We have been warned that the ancient watchers would return — the watchers of course is a religious term given in Old testament writings for the Titans– a race of beings known as the Grigori and Nephilim — a group of “men from the sky” that mated with the daughters of men — to create hybrids that God saw as derelict.Nephilim | Storm Wolf Words

Some however were seen as older and wiser gods and if you believe the ancient alien theories they were part of an older family of human ancestors that became a breakaway civilization that seeded this planet.

The idea that our species might have smarter older siblings is one that many people find deeply disturbing and threatening. On the other hand, with 100 billion stars in the galaxy, is it really rational to insist that we must be the only intelligent life form in the universe?

The question has been asked over and over again but now the threat is not the possibility of alien hostility — the idea that God will be replaced, or that the revelation of alines will somehow contradict the bible.

For the most part, religions and UFO’s were not taken seriously until after the Heavens Gate suicides in early 1997. Since that time, more and more scholarly attention has been given to UFOs aliens and religions as well as to the religious motifs found in the more general ufological subculture.

But if you know your history you will find that in the early churches there was always room for syncretism.

Many do not know the definition of Syncretism and so to put it simply it is the amalgamation or attempted amalgamation of different religions, cultures, or schools of thought.

This included the idea of beings that shared the cosmos with humans and that they too were creations of an all mighty God.

The theory of the plurality of worlds became even more fashionable after the invention of the telescope. This created more speculative ideas about various tribes and civilizations among the stars.

From approximately 1600 to 1900 there was first a trickle, then a flood of scientific/philosophical/theological speculation on the nature of extraterrestrial life.
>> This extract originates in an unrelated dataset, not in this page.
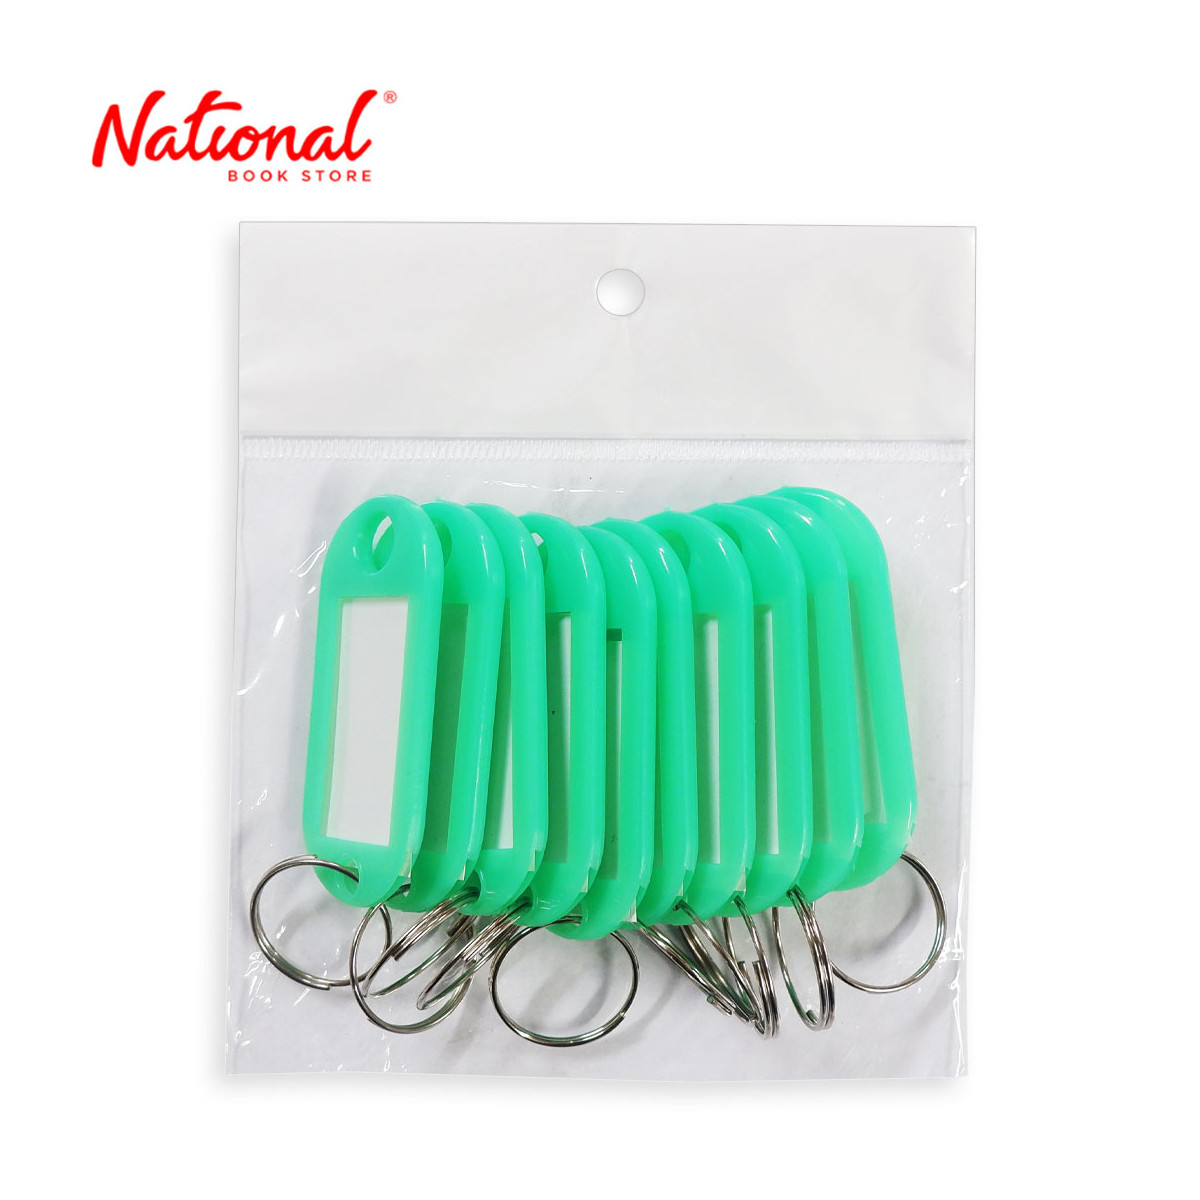 Tiger Key Tags 10 pieces Per Pack, Green - Office Stationery - Filing Accessories
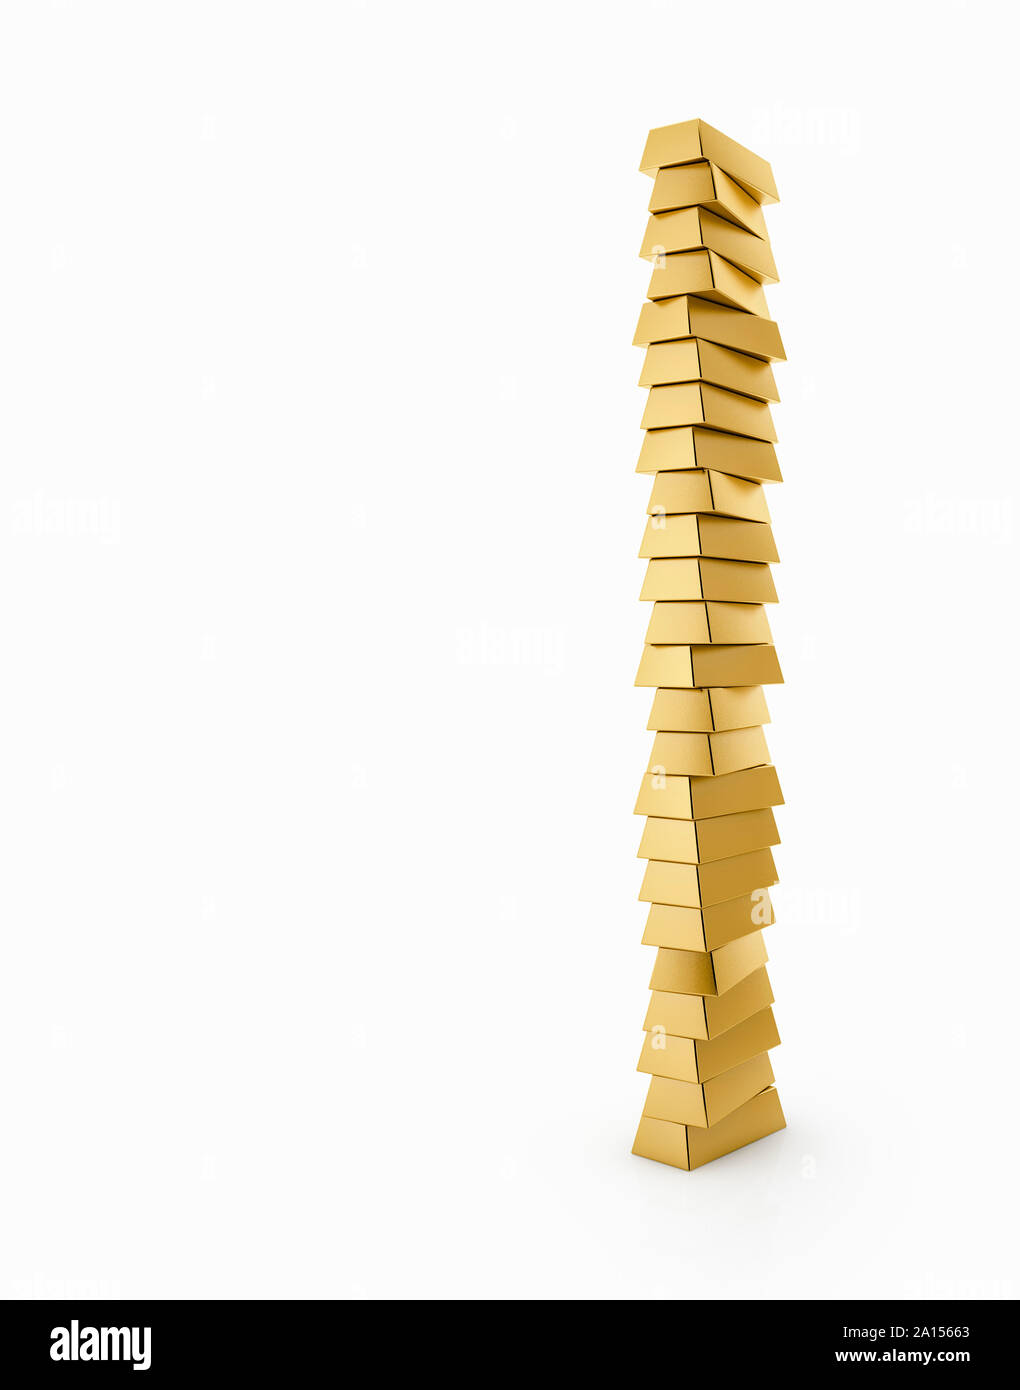 Tall stack of gold bars ingots on a white background Stock Photo

Such speculation often came from the best scientists of the day. Sir William Herschel (1730-1822), the astronomer who discovered Uranus (1781), claimed that he saw near-certain evidence of forests, circular buildings, canals, roads, and pyramids on the moon — all, of course, signs of lunarians. He was equally certain that the known planets of our solar system were all peopled and insisted the sun was “a most magnificent habitable globe” filled with solarians “whose organs are adapted to the peculiar circumstances of that vast globe.” Sir John Herschel (1792-1871), William’s son, inherited both his father’s science and his fantasies; he argued that since the front side of the moon was apparently dead, lunarians must live on the dark side.Great Moon Hoax - Wikipedia

Johann Bode (1747-1826), a director of the Berlin Observatory and famous for Bode’s Law, asked of these same solarians, “Who would doubt their existence?” The reason for such certainty was quasi-theological. “The most wise author of the world assigns an insect lodging on a grain of sand and will certainly not permit…the great ball of the sun to be empty of creatures and still less of rational inhabitants who are ready gratefully to praise the author of life.” The same reasoning led him to affirm the existence of extra-terrestrials on the moon, Mercury, and Venus.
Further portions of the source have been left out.